Born: 1891, Ipswich.
Died: 28th August 1916; age 25; KiA.
Residence: 17, Westerfield Road, Ipswich.
Enlistment Location: Ipswich.
Rank: Private; Service Number: 43220
Regiment: Suffolk Regiment, 7th Battalion.
Formerly 2353, Suffolk Regiment.
Medals Awarded: Victory &British War.
Pas de Calais,
Relatives Notified and Address: Son of Mr. F. G. and Mrs. M. R. Browne, of 17, Westerfield Road, Ipswich.
1891 4, Great Whip Street, Ipswich.
Thomas was 3 months old and living with his parents & sisters.
Frederick George Browne, 32, a Corn Merchant’s Clerk, born Long Stratton, Norfolk.
Martha Rebecca Browne (nee Mede), 30, born Great Yarmouth, Norfolk.

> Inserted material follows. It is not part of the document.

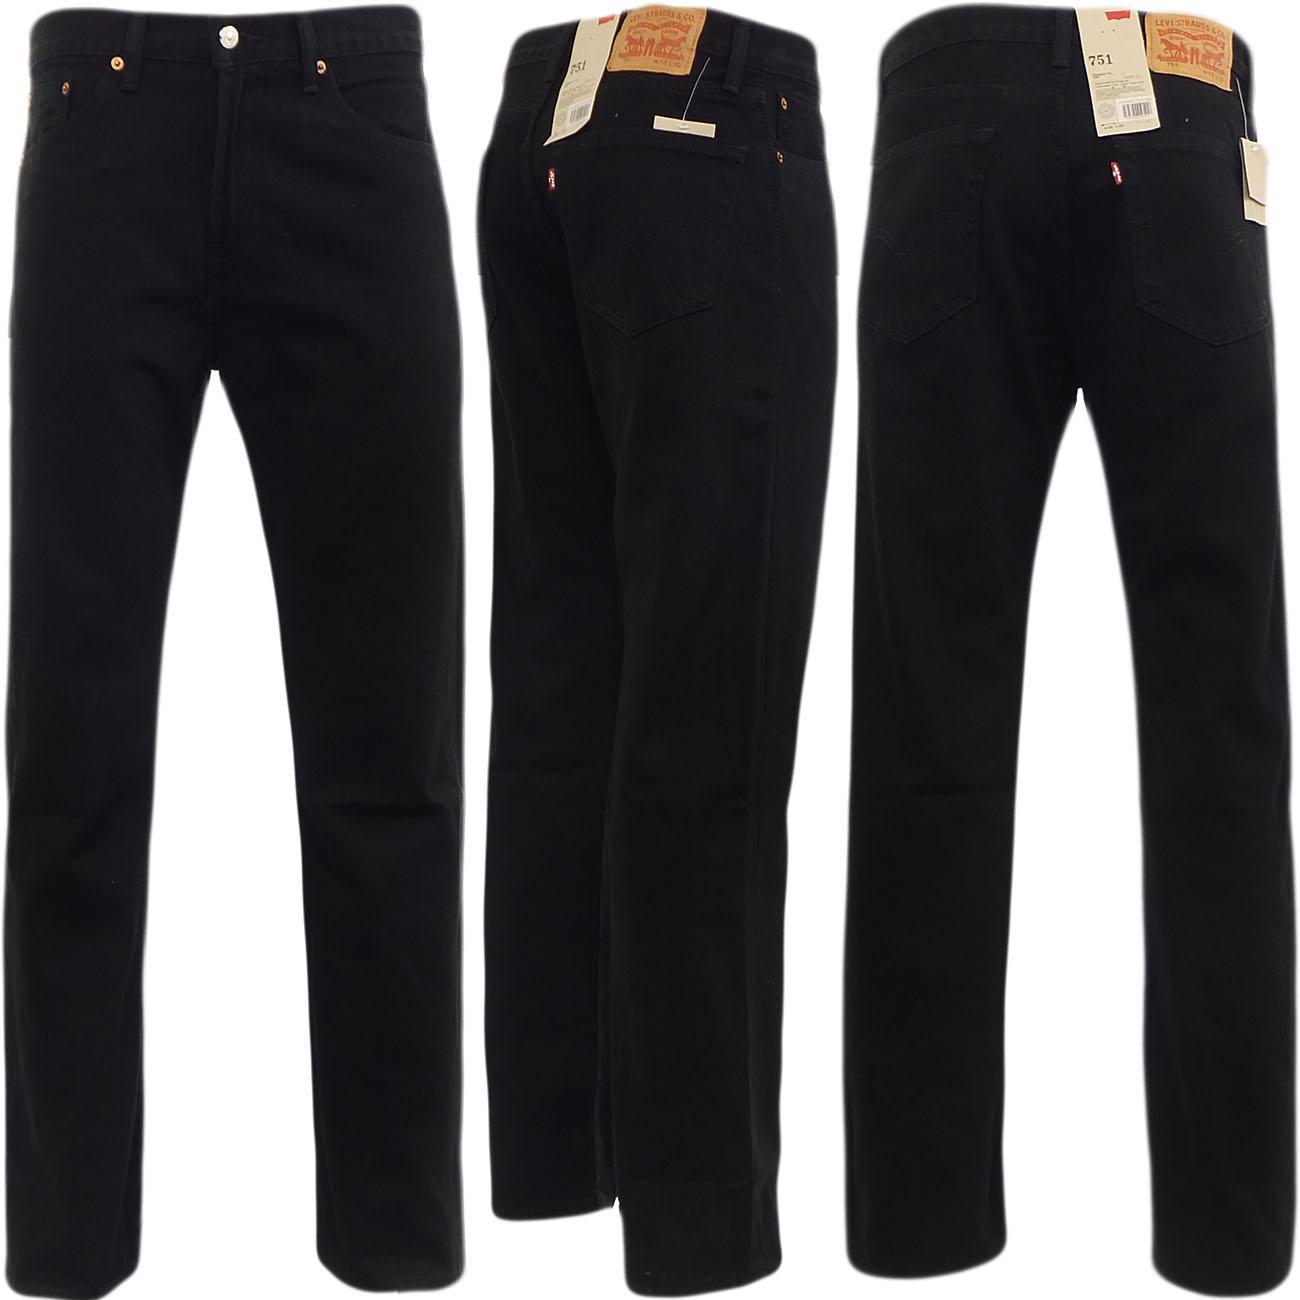 ef7cda31 Black Levi Jeans For Men , www.imgkid.com - The Image Kid

Eva Mary Browne, 3, born Ipswich.
Hilda Elizabeth Browne, 1, born Ipswich.
1901 4, Great Whip Street, Ipswich.
Thomas was 10 years old and living with his parents & sisters.
Frederick, 42, a Malster’s Clerk.
1911 4, Great Whip Street, Ipswich.
Thomas was 20 years old, a Manufactures Clerk – Corset Factory. He was living with his parents & sisters.
Frederick, 52, a Maltster Manager of Maltings.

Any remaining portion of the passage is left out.